* [INFORMATION SHOWN]
*** Begin section ***

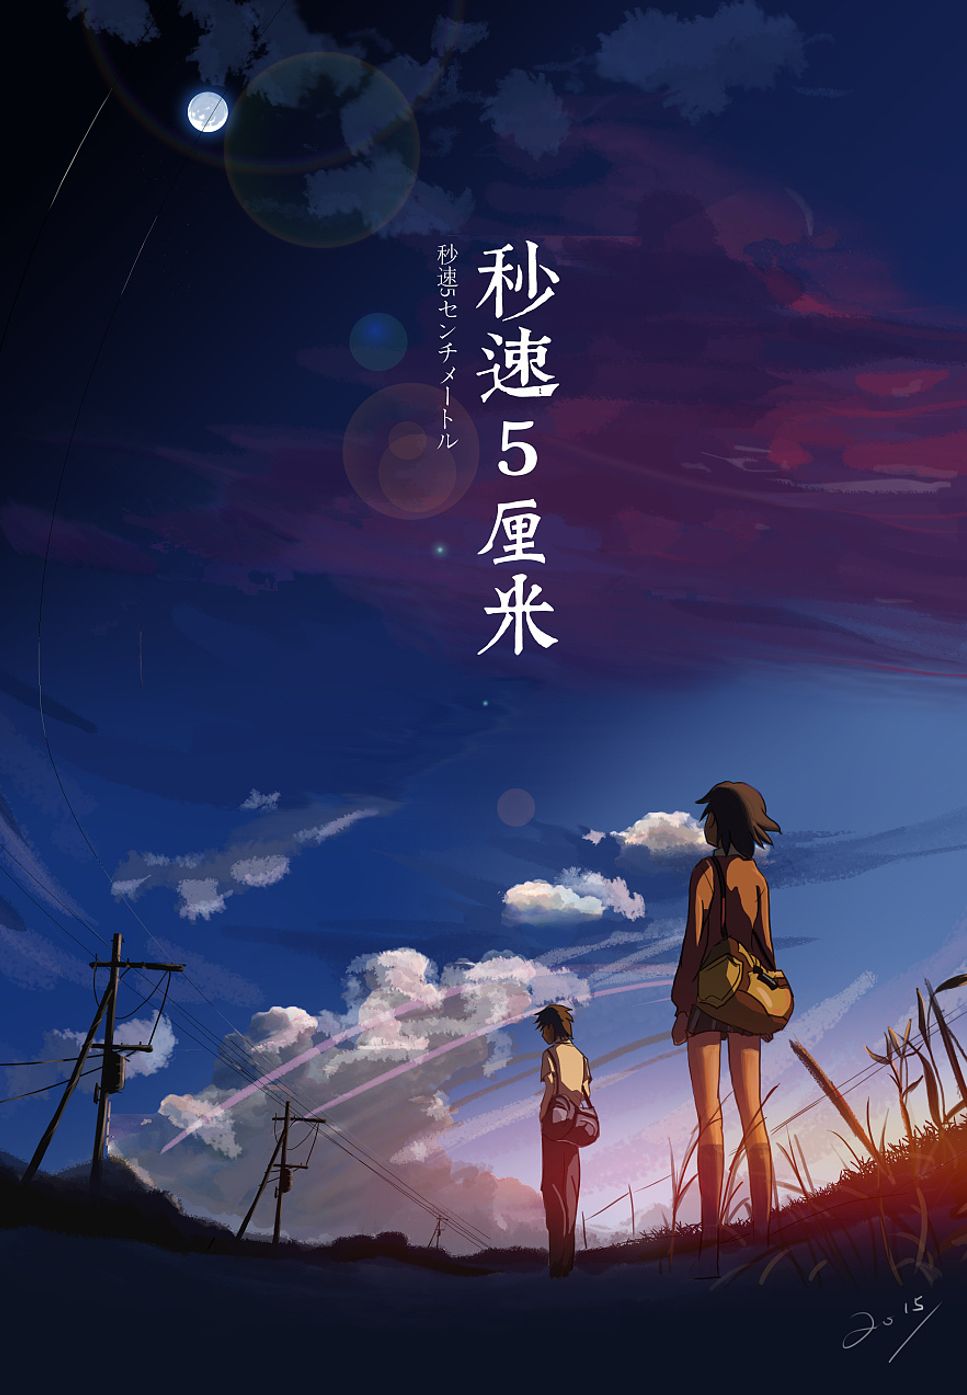 Masayoshi Yamazaki - One More Time One More Chance (From 5 Centimeters per Second,For Piano Solo) by poon
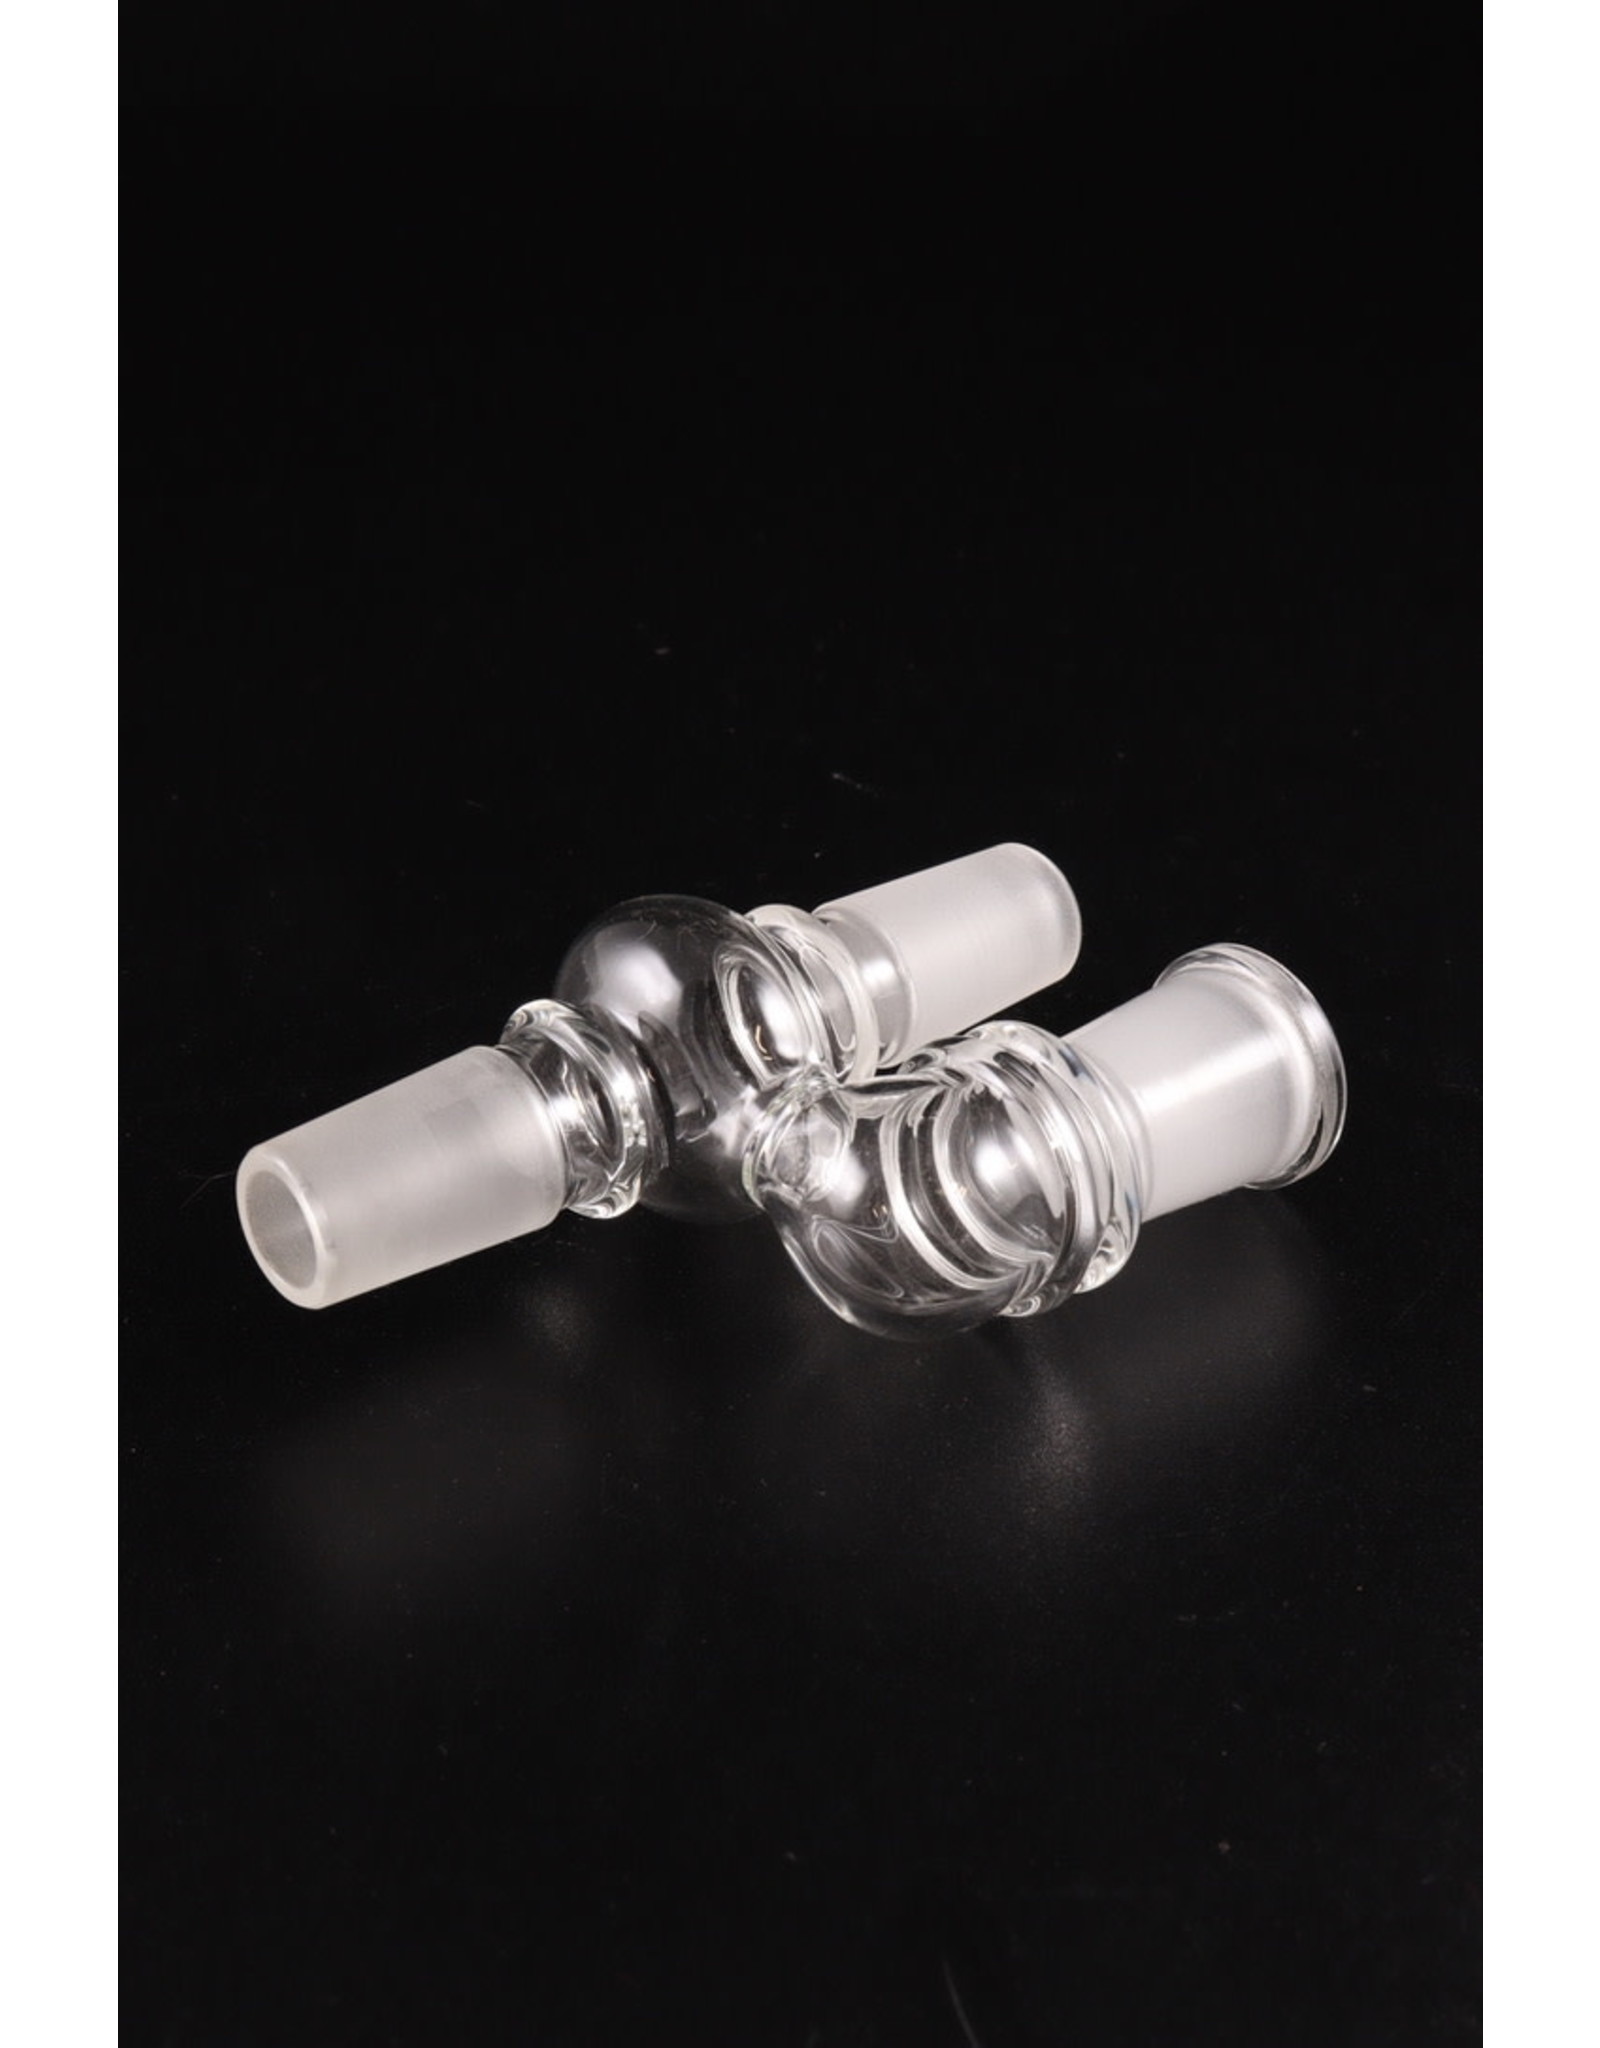 DSK Distribution 19mm Female to 19mm Male/19mm Male - 90˚ Reclaim Collector Adapter
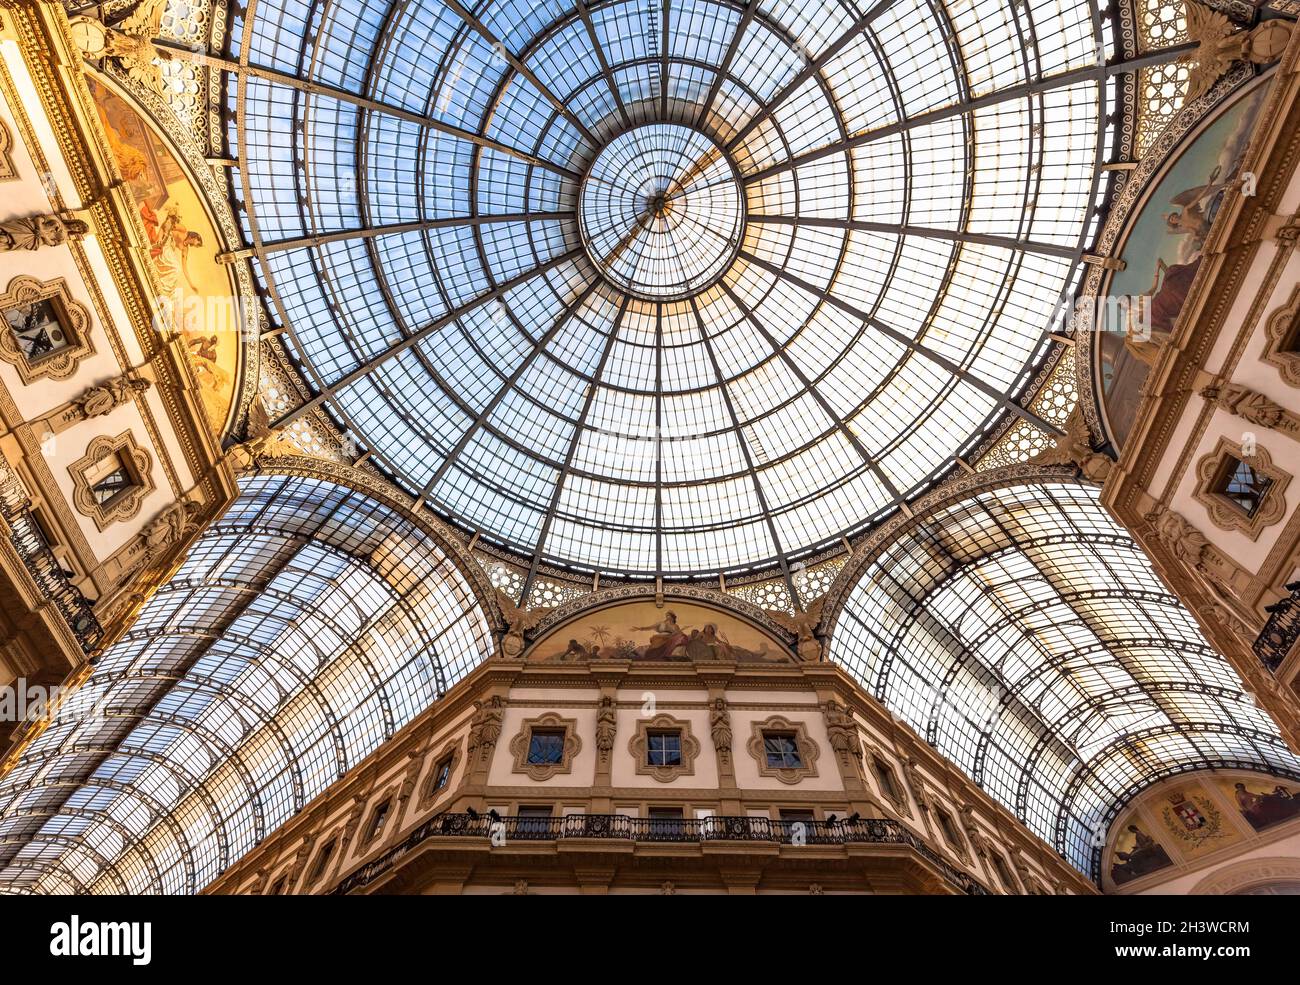 Architecture in Milan fashion Gallery, Italy. Dome roof architectural detail. Stock Photo

*** End section ***

* [GOAL OF THE EXERCISE] Copy out nothing but text: transcribe the listing exactly and skip each picture.

* [ANSWER AREA]
 Masayoshi Yamazaki - One More Time One More Chance (From 5 Centimeters per Second,For Piano Solo) by poon
 DSK Distribution 19mm Female to 19mm Male/19mm Male - 90˚ Reclaim Collector Adapter
 Architecture in Milan fashion Gallery, Italy. Dome roof architectural detail. Stock Photo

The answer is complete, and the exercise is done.